Fuel suppliers4 also will be covered by cap and trade; however, how to compute the threshold and surrender obligation is still undecided. For “transportation fuels” (gasoline, diesel and liquid biofuels), computation options identified in the PDR include: net carbon content (with or without some portion of each fuel’s lifecycle emissions), direct combustion emissions and lifecycle carbon intensity factor. Under the ARB’s December 2008 Scoping Plan, these entities were to be included in cap and trade beginning in 2015; however, ARB is also considering bringing these sources into the system as early as 2012.
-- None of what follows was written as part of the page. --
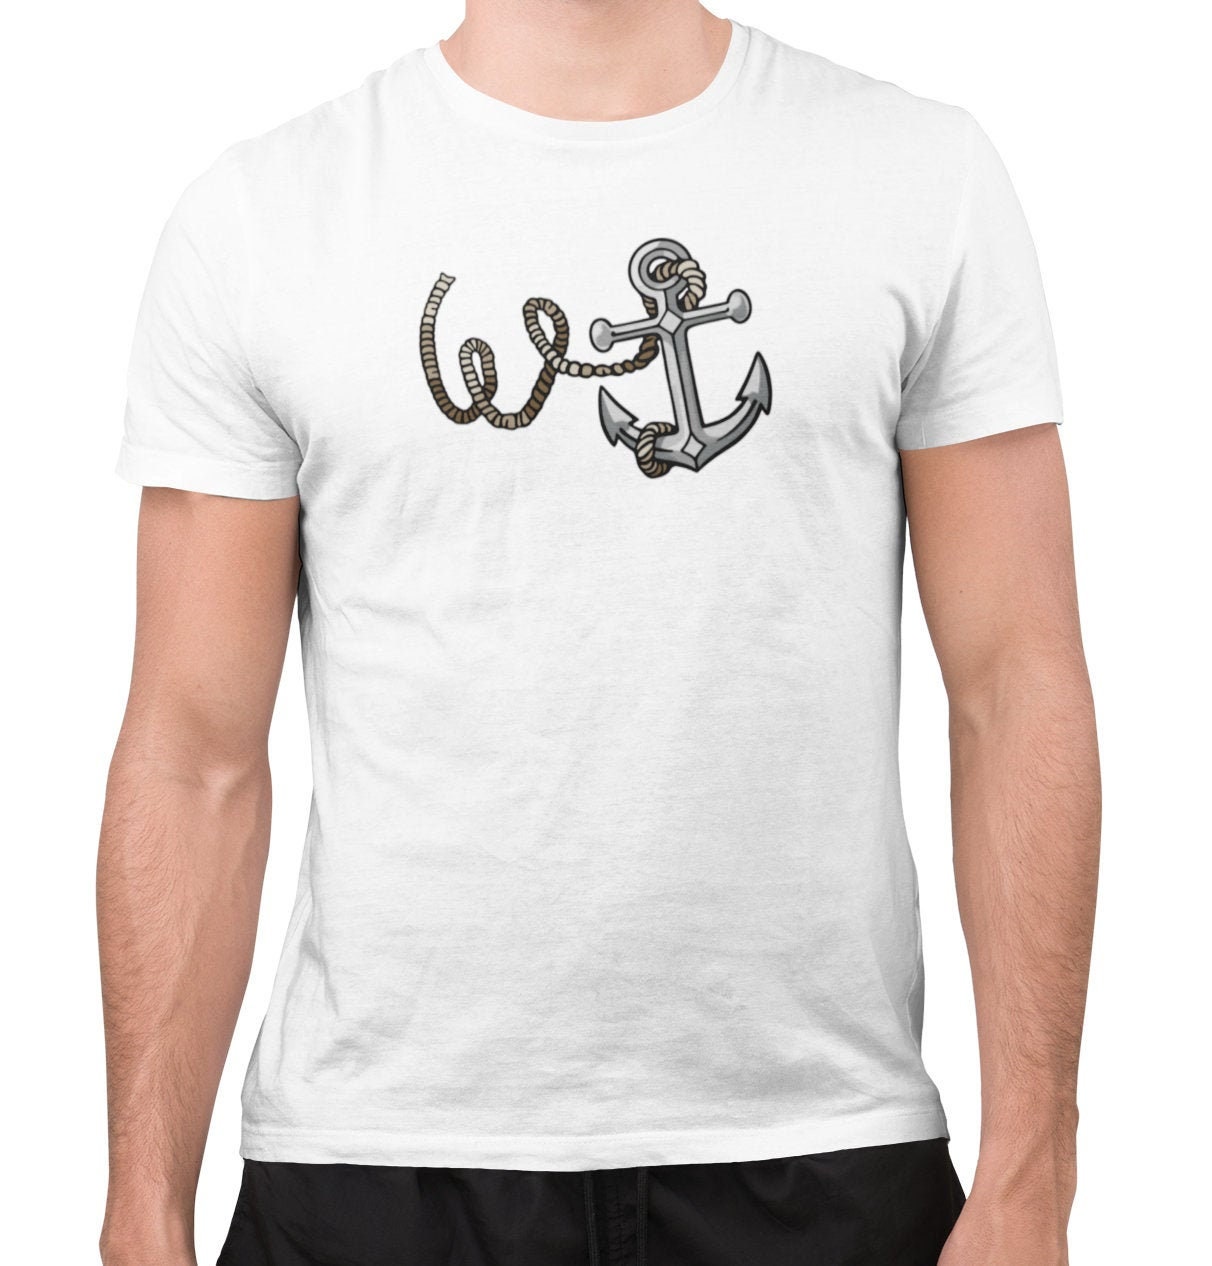 W-anchor Graphic Tshirt Cotton Tee Rude Gifts for -
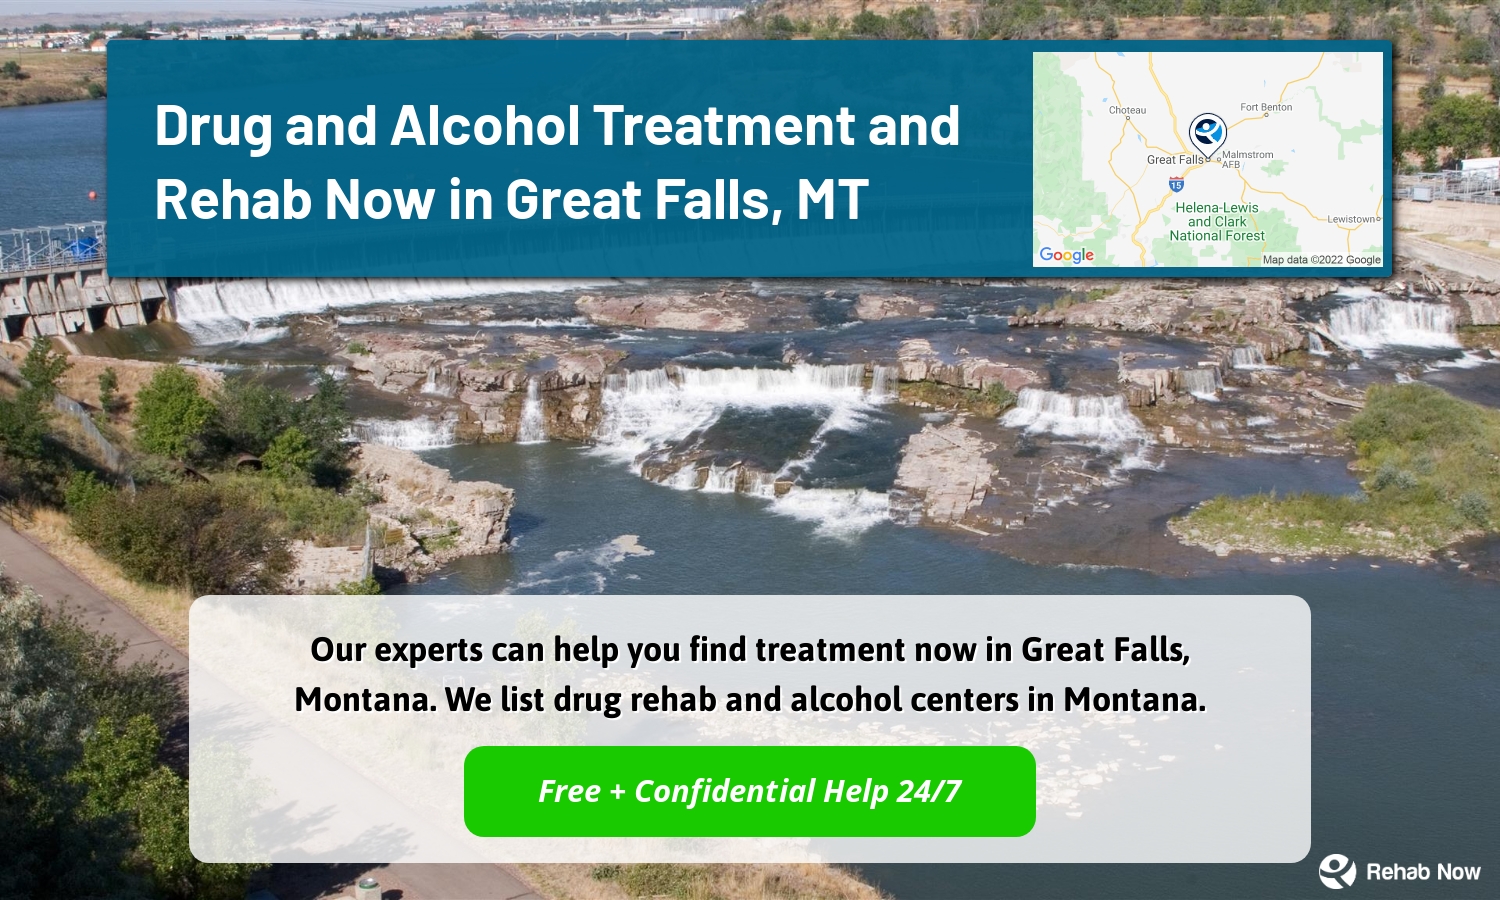 Our experts can help you find treatment now in Great Falls, Montana. We list drug rehab and alcohol centers in Montana.

How Many Allowances Will There Be? §95890, 95910
The PDR sets out an “Allowances Base Budget” for 2012 to 2020; however, these numbers are described as “preliminary and for illustrative purposes only,” to be revised as part of the continued stakeholder participation process on cap setting.”5 However, it is clear from the illustration that the total number of allowances will decrease annually during each compliance period from 2012 to 2020.6 ARB staff contemplates developing a process for administrative adjustments to the base allowance to account for severe over or under allowances while still assuring the integrity of the declining total cap. An adjustment process is also being considered to account for voluntary investment in renewable sources of electricity.
How Will Allowances Be Allocated? Subarticles 8 and 10
Significantly, the mechanism for allocating allowances available under the cap and trade system has not yet been specified. How many allowances will be freely distributed and under what formula? How many allowances will be auctioned? These issues await the January 2010 report of the Economic and Allocation Advisory Committee (EAAC), a panel of financial and economic experts appointed to advise ARB on these issues, and should be specified in the next version of the PDR due in spring 2010.
The PDR does provide certain hints, however. It indicates that the percentage of allowances allocated for auction likely will be “significantly more” than the 10 percent minimum recommended under the Western Climate Initiative (WCI). It also raises the prospect that, “in principle,” some portion of allowances (or the proceeds from their sale or auction) could be allocated to parties other than the business entities subject to cap and trade.7
Will Offset Credits Be Available? §95970; §§96220 - 96430
An extensively debated issue has been the availability and requirements for offset credits. ARB staff’s analysis has resulted in a numerical limit for offset currently set at just under 4 percent for each covered entity. Thus, any business subject to cap and trade can satisfy no more than 4 percent of its total surrender obligation using offset credits. The remaining 96 percent will have to be satisfied with allowances, either those allocated freely or those purchased through auction or trades.
Discussion of the requirements for creating and recognizing offset credits is the lengthiest subject addressed, comprising 24 pages. Staff concedes that the topic “involves complex legal, enforcement and administrative issues that require public comment and staff consideration.” PDR at p. 60. The governing principle is that offset credits must represent a reduction, avoidance or sequestration of GHG that is “real, additional, quantifiable, permanent, verifiable and enforceable.” Id. Specific requirements for offsets to be registered include ARB approval of the quantification methodology used, including requirements to address activity shifting and market shifting leakage; annual accredited verification statements; monitoring, reporting and record retention for offset projects; and reversal of credits later found to be invalid.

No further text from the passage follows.